В полутемном помещении было тихо. Мягкий ковер с длинным ворсом глушил шаги, неровные пятна света, отброшенные масляной лампой, дрожали от дуновения воздуха. Возле немногочисленных занавесей и за ширмой скопился мрак. На походном столе застыли остатки трапезы и недопитый кубок с красным вином. Рядом едва дымился кальян, трубка которого покоилась возле чаши для омовения рук. На полу под столом свернулось несколько свитков. Все говорило о том, что хозяин был здесь совсем недавно и, возможно, все еще находится неподалеку. Сделав несколько осторожных шагов, граф уловил движение в дальнем углу и отступил обратно в тень, подняв перед собой саблю.
— Румынский пес, ты надеялся найти здесь моего господина? Ты опоздал, и найдешь лишь собственную смерть, — резкий хрипловатый голос разрезал тишину, и из темноты показался Касим-бей, медленно выходя на середину шатра.
Фигуру османского военачальника покрывали лепестки металлических доспехов, надежно защищая все важные части тела. Кожаный пояс с парой кинжалов и пустыми ножнами перетягивал талию, из-под набедренных лат спускались полы мелкоячеистой кольчуги. Шлем с остроконечным навершием прятал пристальный взгляд прищуренных глаз. В руках воин сжимал по остро наточенному ятагану. На мгновение один из эфесов сверкнул позолотой, давая Дракуле понять, что перед ним не простой янычар.
— Подходи и умри как мужчина! — крутанув клинки, противник развел их в стороны, делая приглашающий жест, и кривая ухмылка расплылась по его губам.
Сократив расстояние, Дракула размахнулся и ударил наискось, стараясь не столько задеть соперника, сколько оценить его подготовку. Касим-бей молниеносно отразил атаку, почти одновременно рубя вторым клинком, пронесшимся над самой головой пригнувшегося противника. Зазвенели клинки, пронзительно всхлипнула сталь, и удары посыпались один за другим: османский военачальник виртуозно владел холодным оружием, казавшимся продолжением его рук. Румынскому воеводе ничего не оставалось, кроме как отбивать атаки, постепенно отступая. Изогнутое лезвие сабли с трудом держало удар, порой соскальзывая, и «сыну дракона» пришлось применить все свое мастерство, чтобы просто защищаться.

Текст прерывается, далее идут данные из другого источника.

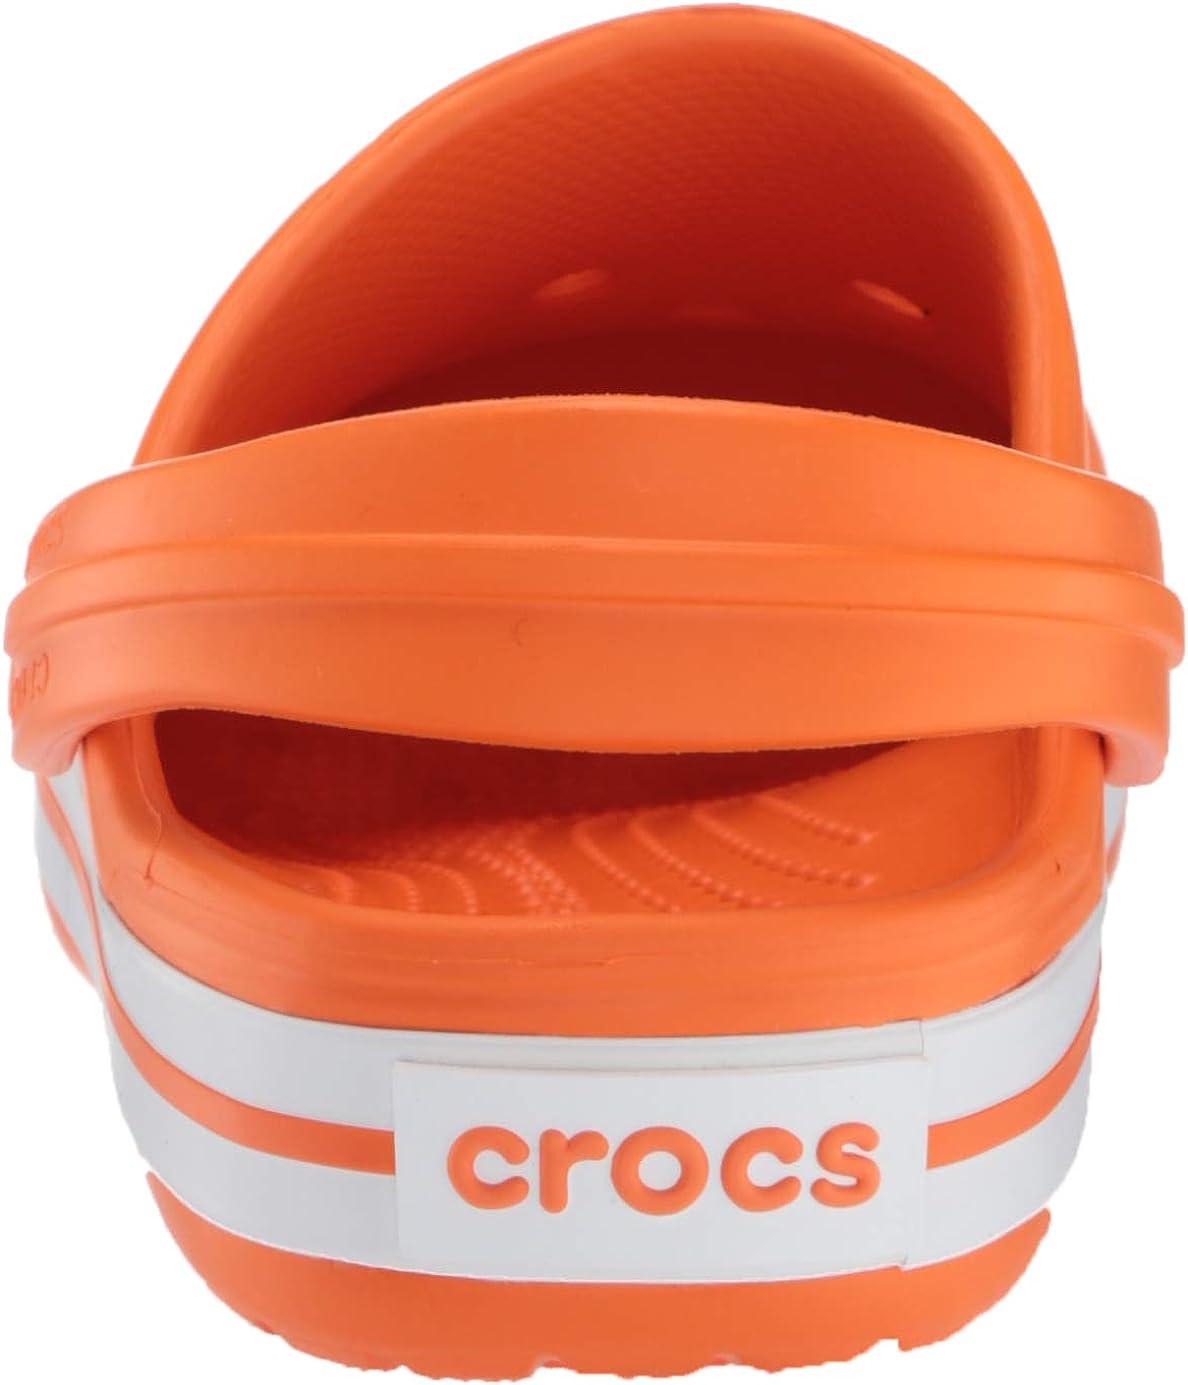 crocs Unisex-Kinder Crocband Clog Kids Holzschuh
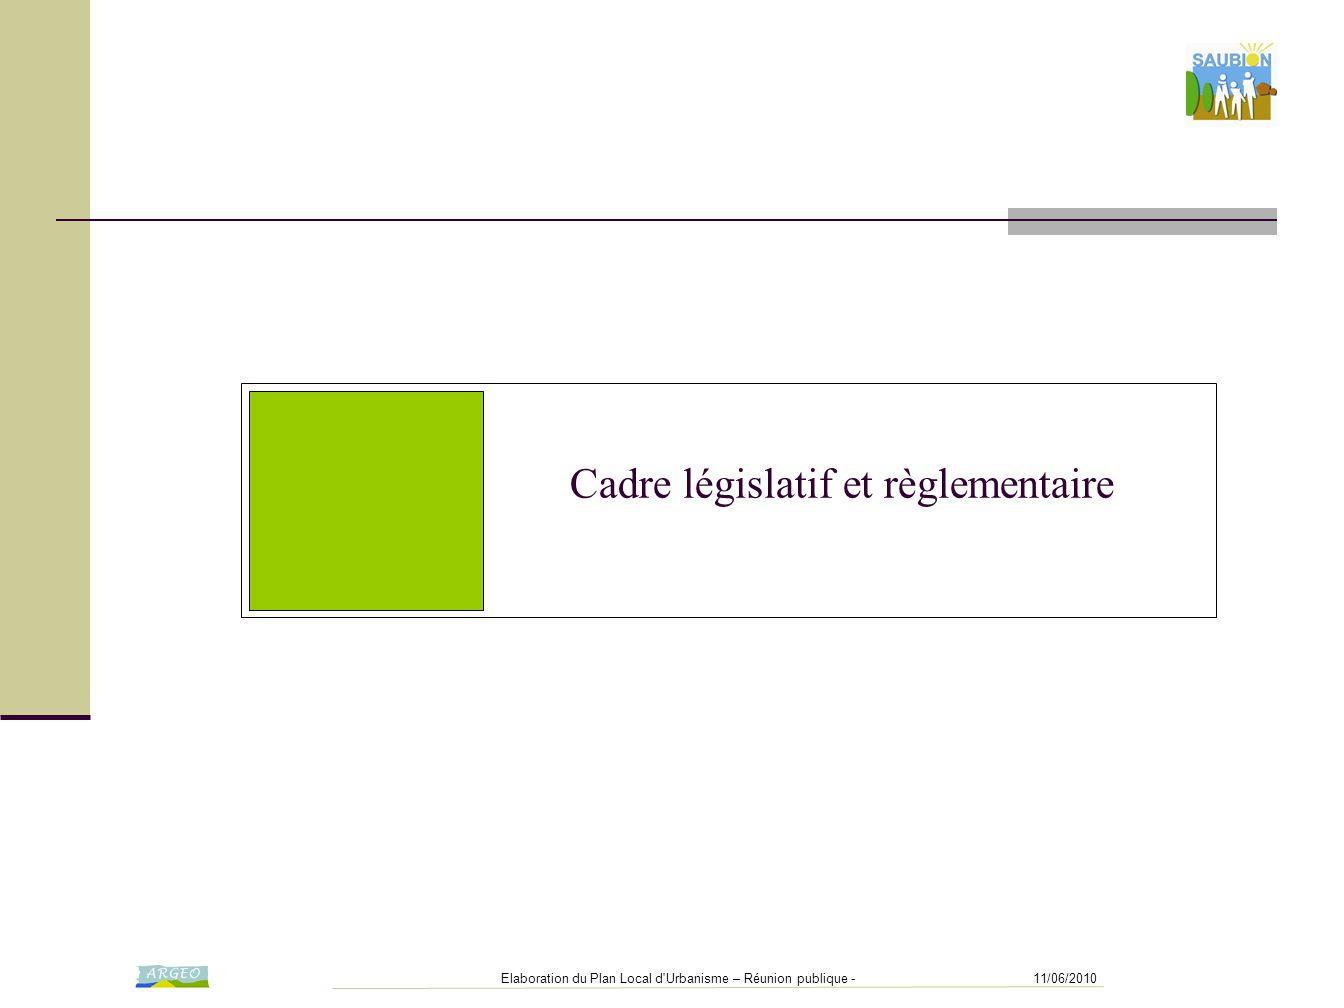 11/06/2010Elaboration du Plan Local d'Urbanisme – Réunion publique - Cadre législatif et règlementaire

Воздух наполнился лязгом металла и глухим перезвоном лат — противники двигались быстро и плавно, словно выводя замысловатый, безумно опасный танец. В глазах Касима плескалась сосредоточенная ярость, которую он вкладывал в каждое свое движение, и вскоре граф осознал, что одним клинком ему не справиться. Отклонившись, Дракула выхватил кинжал и, парировав очередную сокрушительную атаку, поднырнул под руку османского военачальника, вонзая клинок ему в грудь. Остро заточенное лезвие прошло сквозь сочленения доспеха и обиженно звякнуло, наткнувшись на плотные кольца кольчуги. Ударив противника рукоятью меча, Касим-бей с силой оттолкнул его. Натолкнувшись на стол, граф прокатился по его поверхности, снося все, что на ней было. Лампа опрокинулась, разливая кипящее масло по ковру, который тут же вспыхнул мелкими жадными язычками пламени.
Рывком поднявшись, Дракула попытался вернуть себе преимущество, но не успел. Пинком отбросив стол, Касим обрушился на него, пробивая поставленную защиту. Взмах ятагана прошел вскользь, рассекая плечо и вырывая из раны темно-красные брызги крови. Стиснув от боли зубы, граф вывернулся, резко уходя в сторону. Снова соперники обменивались ударами без какого-нибудь существенного результата. Тесное пространство шатра не давало простора для маневров, а схожая подготовка и опыт не позволяли закончить поединок одним решительным взмахом клинка.